Shell has cancelled gas shipments from its offshore facility Prelude as an industrial dispute between unions and the Anglo-Dutch resources company come to a head.
Contractors set to fly out to the resources rig on Wednesday were told to stand down in response to the disagreement over pay increases, rostering and job security.
The dispute has also caused Shell to advise their customers they will be cancelling some gas shipments from the facility until mid-July.
"Shell confirmed it had issued a notice to customers that cargoes would be impacted until at least mid-July due to the industrial action," a Shell spokesperson said.
The developments come as gas prices rise due to a shortage in supply and the war in Ukraine.
The LNG facility, 400 kilometres off the Kimberley coast, was brought online in 2019, but has been plagued by technical problems, safety concerns and cost blow outs.
The facility shut down temporarily after a fire was detected onboard in December last year but was later cleared by the industry regulator and brought back online in April this year.
Concerns rig will shut down
The Australian Workers Union and Maritime Workers Union form the Offshore Alliance and have been pushing for pay increases for members aboard the facility.
Industrial action has been taking place onboard the vessel since early June, but a fresh set of Fair Work Commission approved "bans" is set to come into effect from July 1.
Two of the bans would result in union members not turning turbines at the facility back on if they were "tripped", raising concerns the rig could be shut off temporarily if that happened.
But Australian Workers Union secretary Daniel Walton said unionised members prioritised safety and wouldn't do anything to jeopardise crew onboard the facility.
"We fundamentally deny that in any way shape or form we would do anything to jeopardise the safety of the facility, any workers onboard or the broader environment," he said.
"Shell is putting out misinformation as a way to try to justify, I think, this industrial extremism," he said.
Mr Walton said Shell had threatened to shut down the facility and was using those threats as a "tactic" in the ongoing dispute between workers and the company.
"Instead of sitting down to offer a decent pay rise they seem to be escalating their action against their workforce," he said.
Pay dispute escalates tensions
The dispute causing tensions onboard the facility centres around pay rises for workers onboard, job security and superannuation increases.
The unions started negotiating pay rises in 2020, according to Mr Walton, but tensions have boiled over after talks stalled and fresh industrial action was approved for July.
"Unfortunately Shell are not offering any pay increases," he said.
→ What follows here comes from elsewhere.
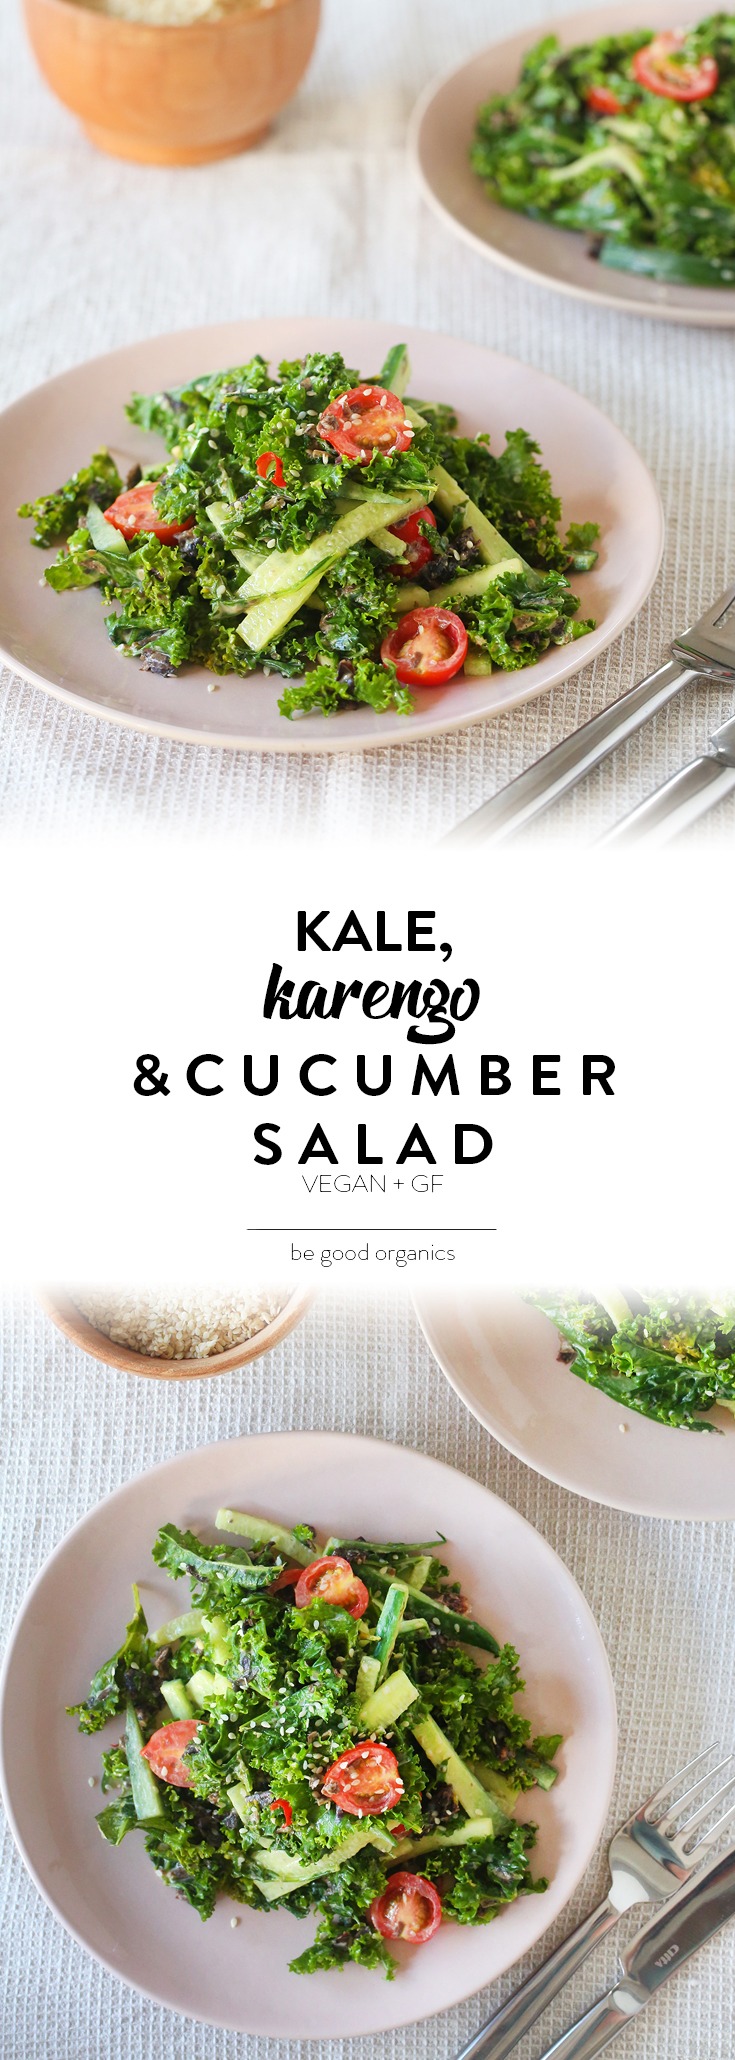 KALE, KARENGO & CUCUMBER SALAD with a delicious japanese inspired sesame seed dressing - vegan, plant-based, dairy free, gluten free, refined sugar free, nut free, healthy, seaweed, lunch, dinner, easy, under 20 minutes, begoodorganics

"In fact [Shell] have a position in place member which says that 25 per cent of our members' salaries will be discretionary."
Shell said in a statement the company "recognises the entitlement of all workers to exercise their rights, including the right to participate in industrial action".
"We work hard to provide a strong employee value proposition for our employees, which is competitive with industry peers," the statement reads.
"We continue to engage with our people and their representatives and remain committed to acting fairly, respectfully and transparently at all times during the bargaining process."